The Eastport Residential Conservation Overlay District, which covers the heart of the peninsula bordered by Spa Creek and Back Creek, "ensures houses in the neighborhood are compatible in their mass and scale and character."
To comply, a new home cannot exceed the average bulk (height and scale) and property setbacks of the block. Plans are subject to a compatibility review by the city planning staff.
The zoning regulations say any alterations or new designs "shall be based on the local neighborhood features such as porches, roof pitch and direction, windows and entry doors."
"It's tough to tell an architect that his design doesn't work. Sometimes it's tough to explain the rationale," Arason acknowledged. "But it's like pornography. I know it when I see it."
City planners recently rejected a demolition permit for a house built in the 1890s just over the Spa Creek Bridge from downtown Annapolis. The decision is being appealed.

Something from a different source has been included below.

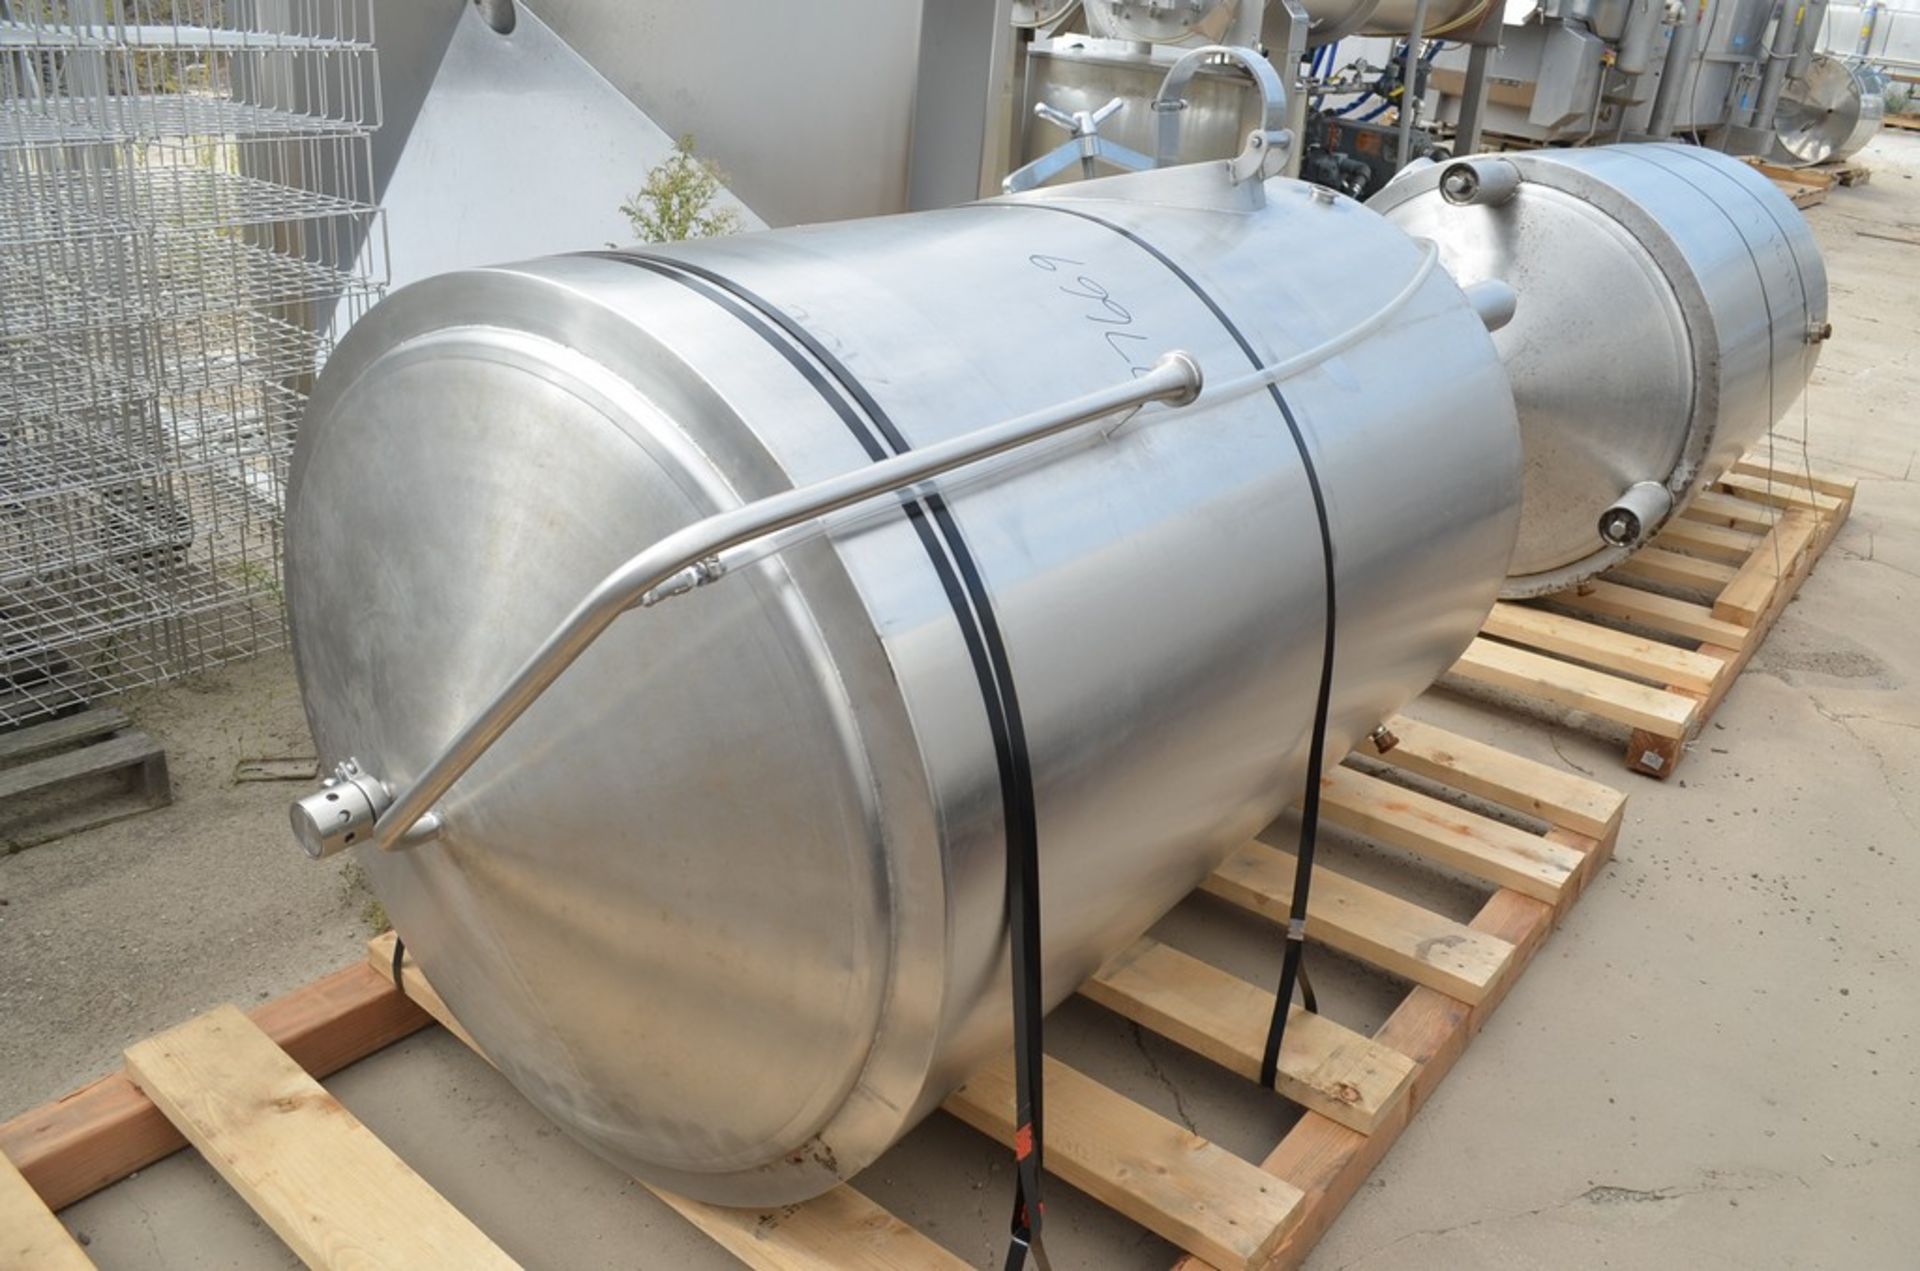 8.5 BBL (1,000 Liter/265 Gallons) Cote Manufacturing Vertical S/S Jacketed Brite Tank. Dome Top, - Image 2 of 11

"To tear down something, you have to show us what you've planned. The burden of proof is on you," Arason said.
'Brutal clash'
Native Annapolitan and architect Charlie Lamb said the "brutal clash of scale" between communities and newcomers is inevitable.
"It's the same motivation that drives office buildings to be the tallest," explained Lamb, a founding member of the Baltimore-based architectural firm RTKL Associates. "It's the 'look at me' philosophy. 'How great I am.' "
But that philosophy, he said, is not what made Annapolis popular.
"Oversized houses really run down the value of the property and the ambience of the area," Lamb said.
"If people would slow down and accept the fact that they are stewards at that time of the property they own, they would realize why Annapolis is in the history books and why the land values are high."
In Montgomery County, land in older neighborhoods became desirable because of its proximity to Washington and a sophisticated mass transit system. But post-World War II houses lack many of the features found in newer homes in rapidly developing areas like Rockville, Olney and Gaithersburg.
Grandfathered lots
To attract homebuyers, developers began purchasing lots recorded before 1954, when county zoning regulations were tightened to limit the amount of land a house can cover.
The only restrictions on these "grandfathered" lots are the house cannot exceed 2 1/2 stories or 35 feet, whichever is lower, and it must be set back 25 feet from the street and 7 feet from side lot lines.